When each child turns 16, they will make their own decision on whether their genomic data should remain in the system. It hasn’t yet been decided if participants can request further investigation of their genome – beyond the scope of newborn screening – at a later date, says Scott.
After the two-year sampling window closes, a cost-benefit analysis of the program will begin, developing evidence for the UK National Screening Committee which advises the government and NHS on screening policies. It’s a process that could take some time.
Chatterjee suggests an entire lifetime might be needed to measure the economic savings that would come from early diagnosis of certain diseases, citing the costs of special needs schooling for children and support for adults living with certain rare genetic conditions: “How does that balance against the technical cost of making a diagnosis and then treatment?”
“I’m quite certain that this cost-benefit equation will balance,” Chatterjee adds.
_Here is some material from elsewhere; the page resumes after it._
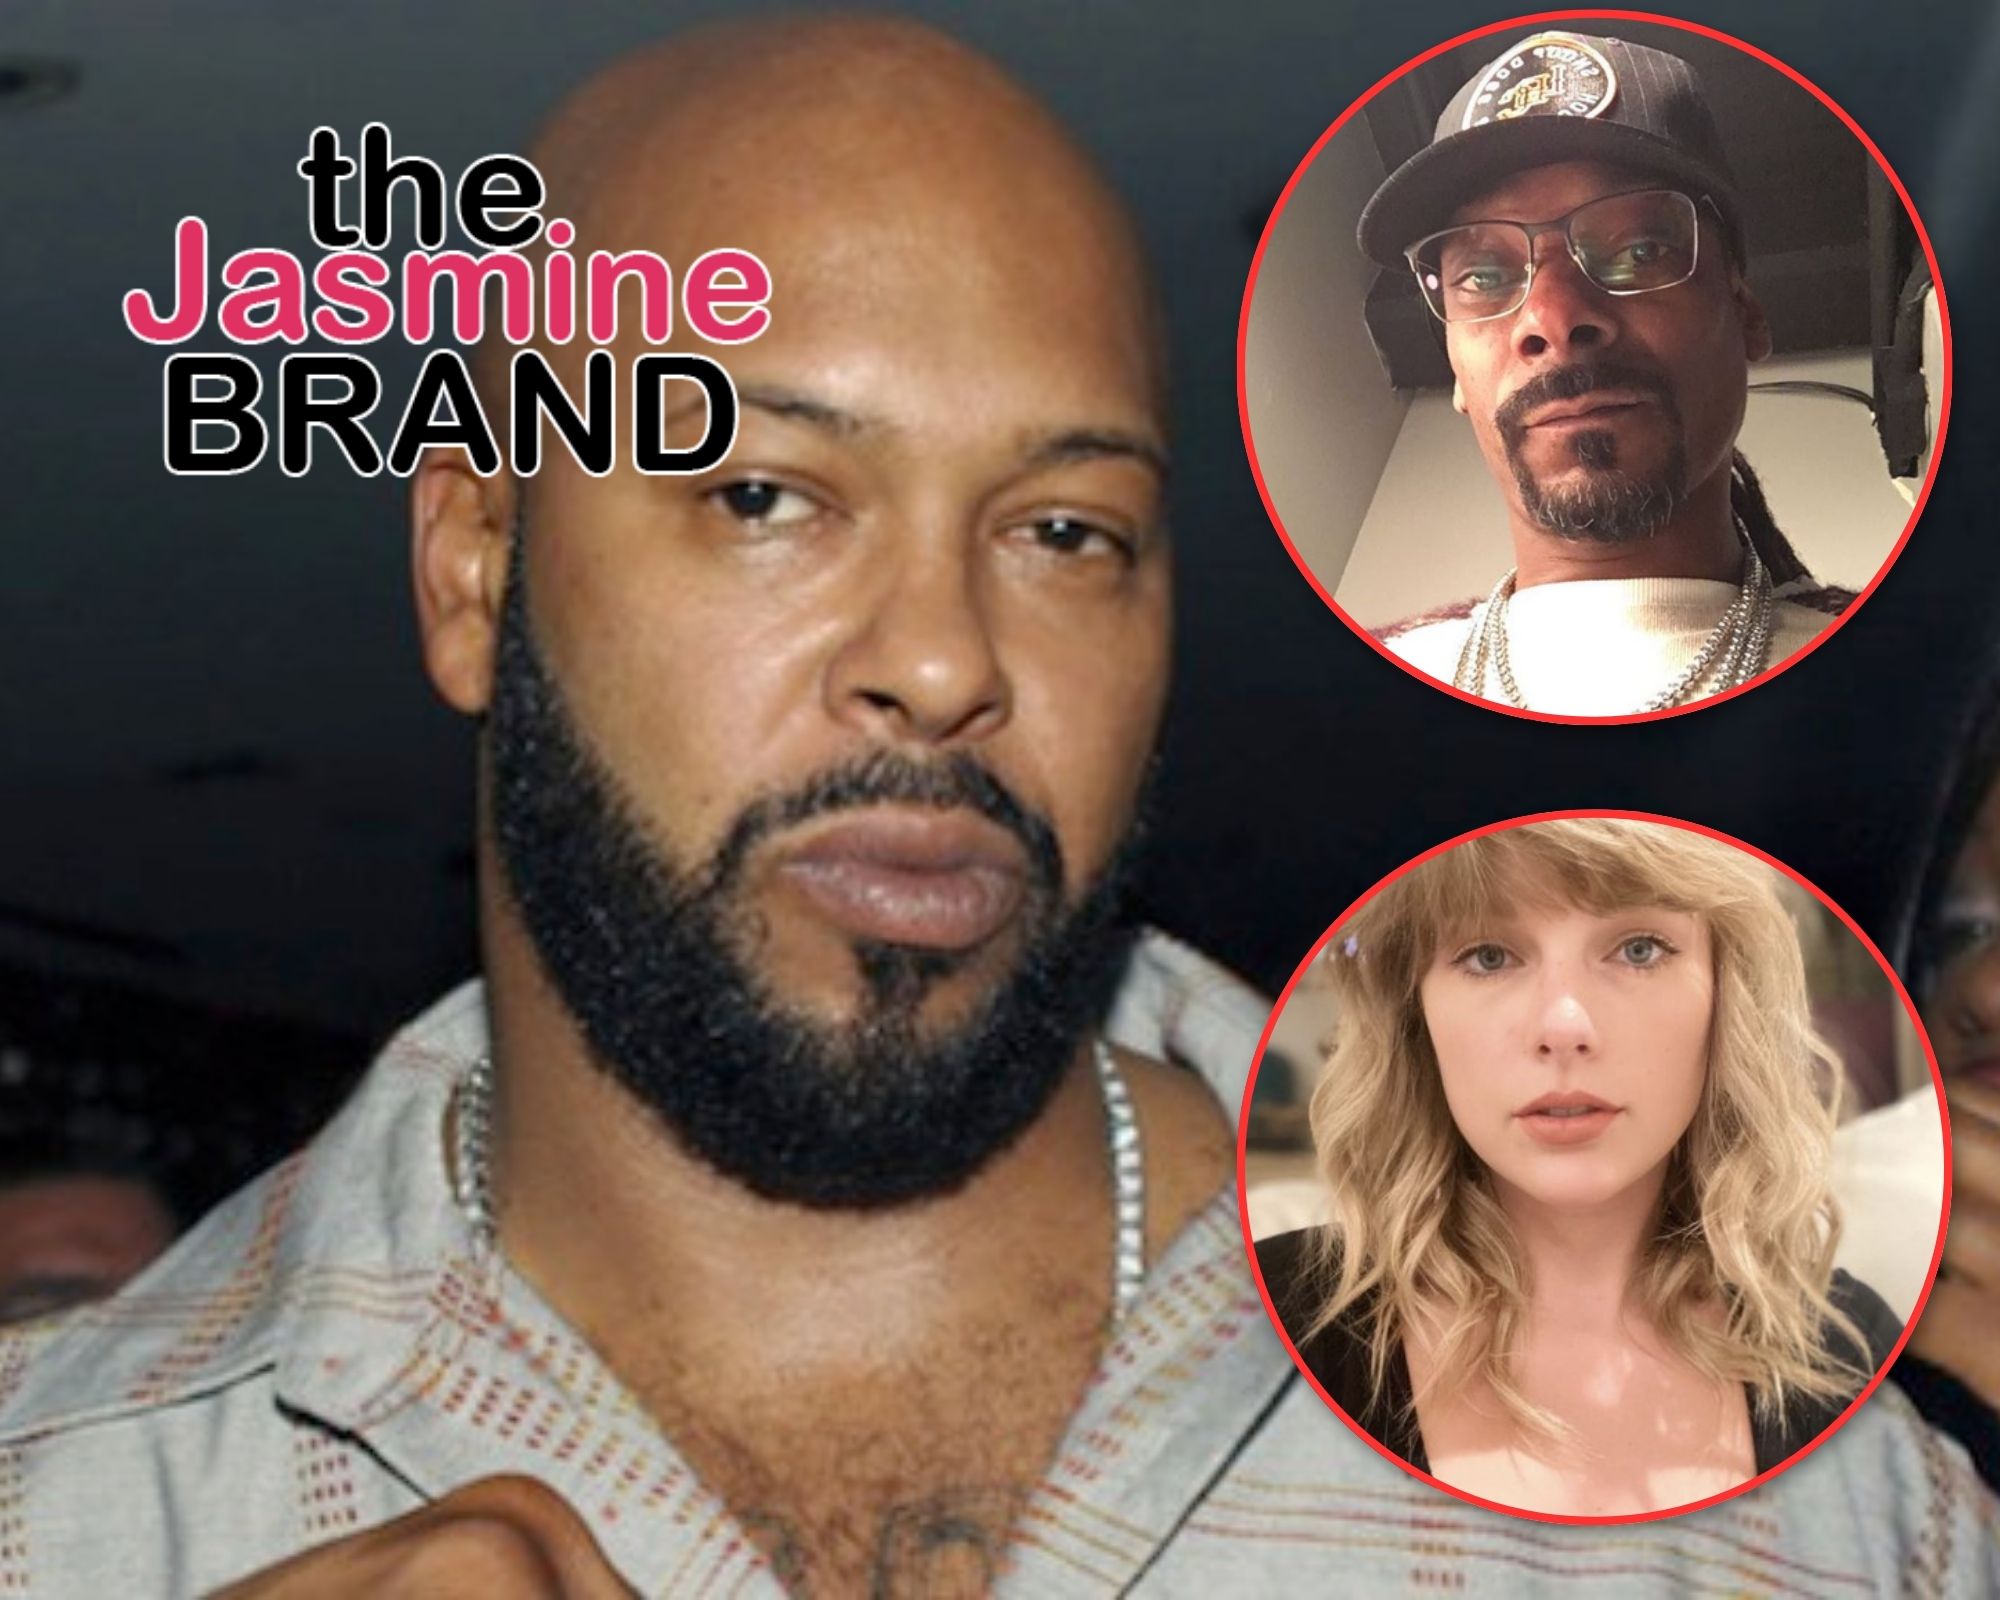 Suge Knight Claims A Social Media Hacker Is Behind Shady Posts Targeting Snoop Dogg, Praises Taylor Swift: 'That's One Smart, Powerful, Aggressive Woman'

Multiple interviewees for this article viewed genome sequencing as an extension of current testing, though stopped short of suggesting it could become standard practice for all newborn babies. Even Topol, a staunch advocate for genomics, does not believe it will become universal. “I don’t think you can mandate something like this,” he says. “We’re going to have an anti-genomic community, let’s face it.”
Members of the medical community have expressed a variety of concerns about the program’s approach and scope.
In comments released last December, Angus Clarke, clinical professor at the Institute of Cancer and Genetics at Cardiff University, queried if the program’s whole genome sequencing was driven by a wish to collect more genomic data, rather than improve newborn screening. Louise Fish, chief executive of the Genetic Alliance UK charity, questioned whether following other European nations that are expanding the number of conditions tested through existing bloodspot screening may have “just as great an ability to improve the lives of babies and their families.”
If genome sequencing becomes the norm, it remains to be seen how it will dovetail with precision medicine in the form of gene therapy, including gene editing. While the cost of sequencing a genome has plummeted, some gene therapies can cost millions of dollars per patient.
But for hundreds of babies not yet born in England and Wales, diagnosis of rare conditions that have routine treatments will be facilitated by the Newborn Genomes Programme.
“So much of medicine today is given in later life, and saves people for a few months or years,” says Bentley. “It’s so good to see more opportunity here to make a difference through screening and prevention during the early stages of life.
“It is investing maximally in the long-term future as a society, by screening all young people and increasing their chances of survival through genetics so they can realize their enormous potential.”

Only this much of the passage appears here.